First of all, as is pointed out by a commenter, Robert Fortner’s graph was a pretty egregious cherry-pick of the reference that Fortner cited:
“The rest of the story”…showing Fortner’s cherry-pick
Fortner chose the “Switchboard” curve, which ENDED in 2002. So obviously that curve could have “flatlined” in 2001, and it wouldn’t mean anything. Notice how Fortner did not reproduce the “conversational speech” curve, which continues to 2004, and shows improvement through 2004.
Perhaps more important, the whole figure that Fortner references could be interpreted in many ways, since there are many curves that start and stop at various times.
As also pointed out mdb, there is the question about whether these results are “trained” versus “untrained” voice recognition.
I simply can’t believe that a computer with massively more RAM (the 2010 personal computers versus 2001 personal computers) and a faster, multiple core processor, can’t dramatically improve the performance of speech recognition software, even if that software had not changed a bit. And it makes sense that the speech recognition software would be revised to take advantage of the improvements in microprocessors and RAM.

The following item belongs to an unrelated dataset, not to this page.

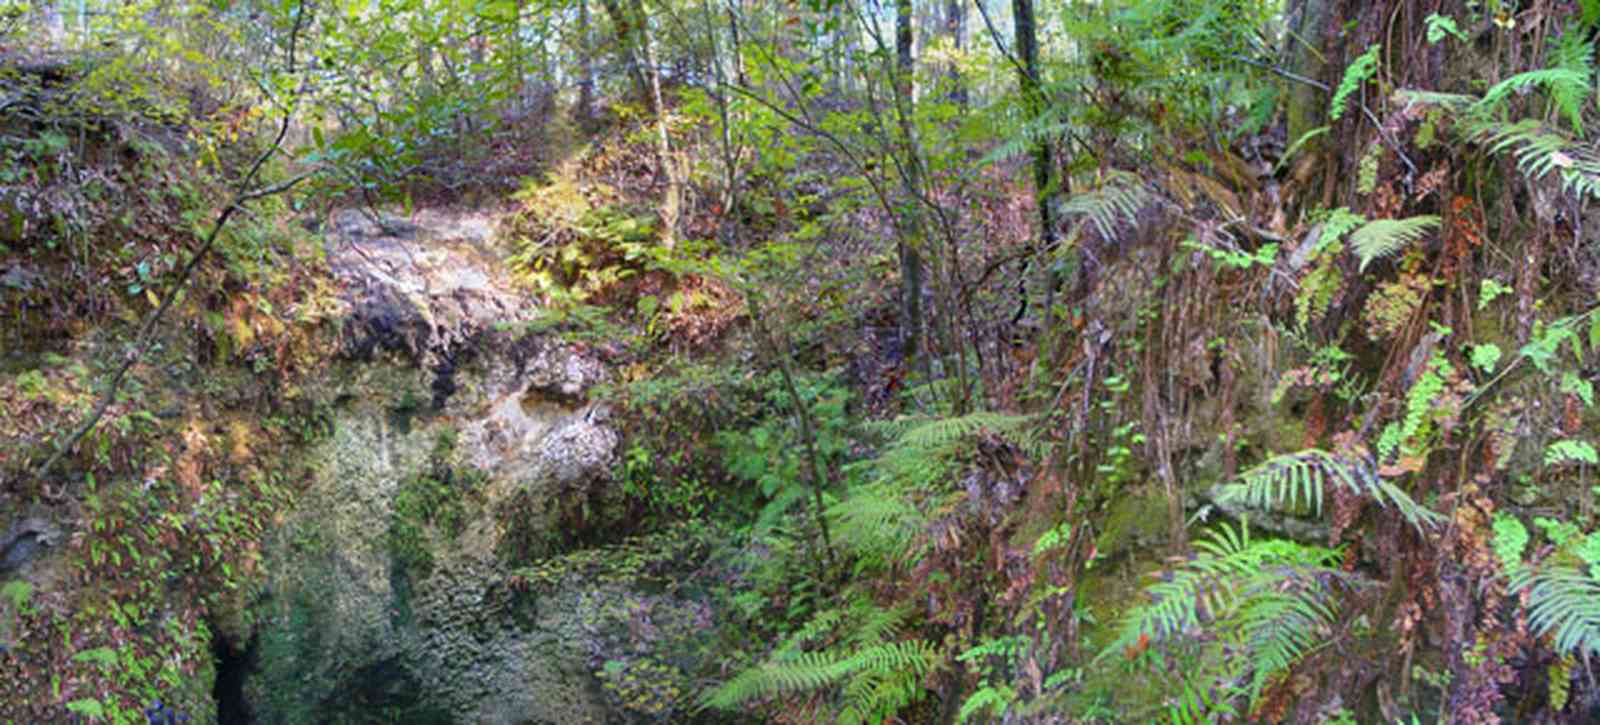 Chipley:-Falling-Waters-State-Park_02.jpg:  waterfalls, fern, sink hole, limestone rocks, upland pine forest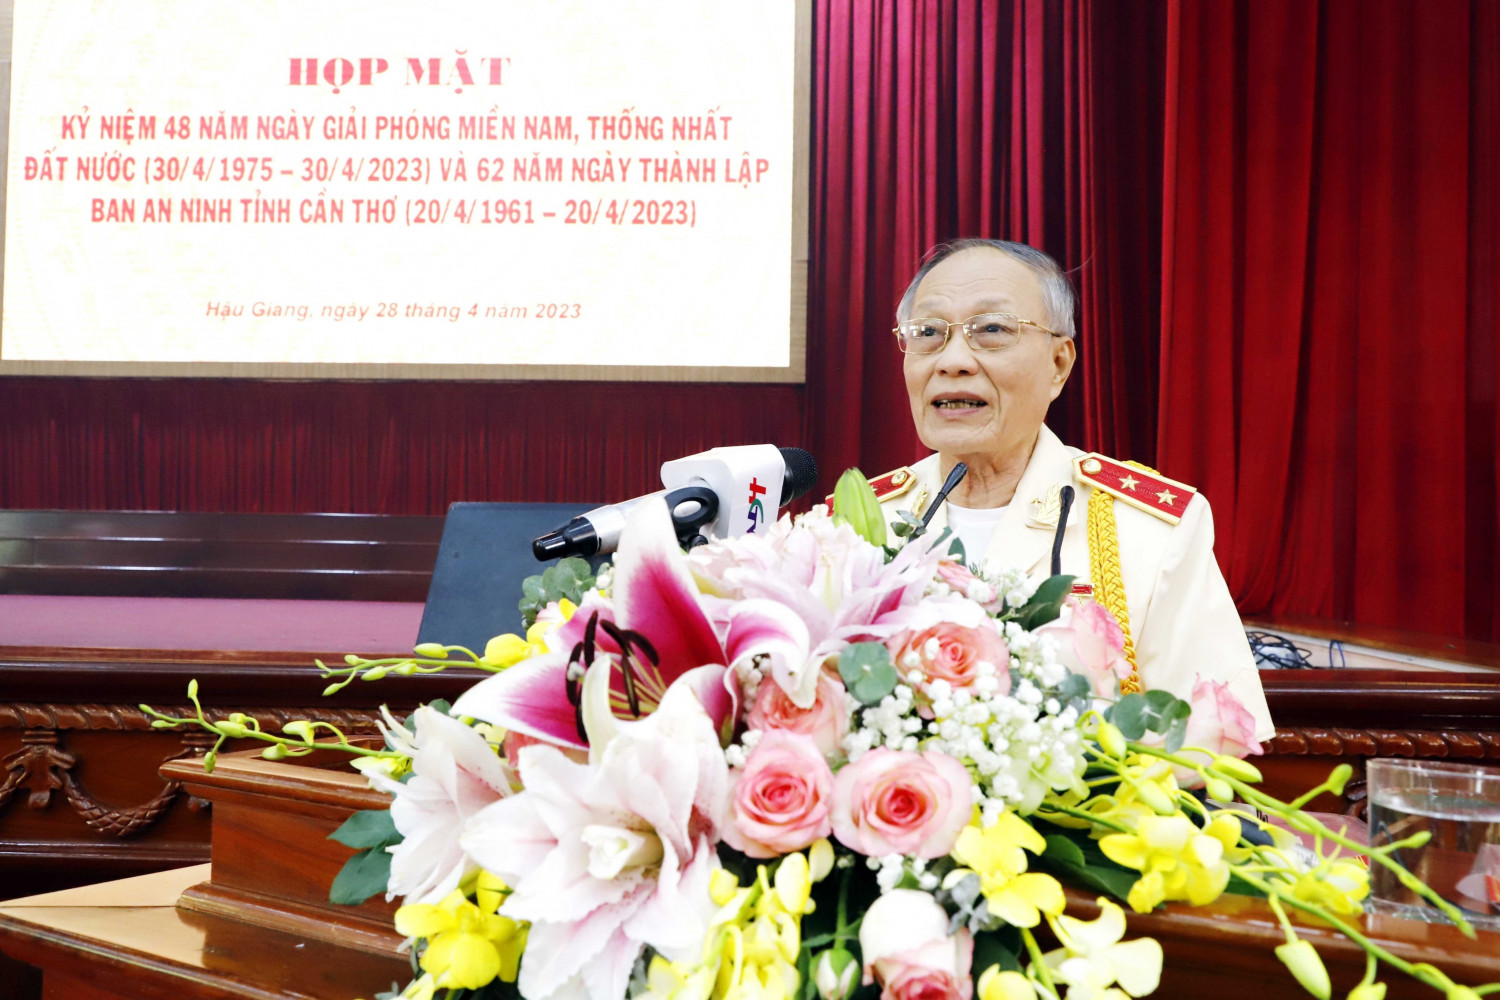 Trung tướng Nguyễn Xuân Xinh, Anh hùng Lực lượng vũ trang nhân dân, nguyên Phó tổng cục trưởng Tổng cục V, Bộ Công an - Phó Trưởng Ban Liên lạc Ban An ninh tỉnh Cần Thơ phát biểu ôn lại truyền thống của Ban An ninh tỉnh Cần Thơ

Here’s an article in which Nuance claims out-of-the-box 99% accuracy for Version 9 of Naturally Speaking:
Nuance discusses latest version of Naturally Speaking
From that article:
“The accuracy rate, or what percentage of words the software spells correctly by itself, varies depending on sound quality and how a person talks, Revis said. But Nuance has improved it by 20 percent since NaturallySpeaking 8 was introduced in 2004, according to the company.
Version 8 could reach 99 percent, but only after the user read a prepared script, Revis said. Now users can get that level of accuracy right after installing the software and starting it up, though a script is still available if a user isn’t satisfied with the results on the first try. In any case, the software can continue learning on its own just through normal use, Revis added.”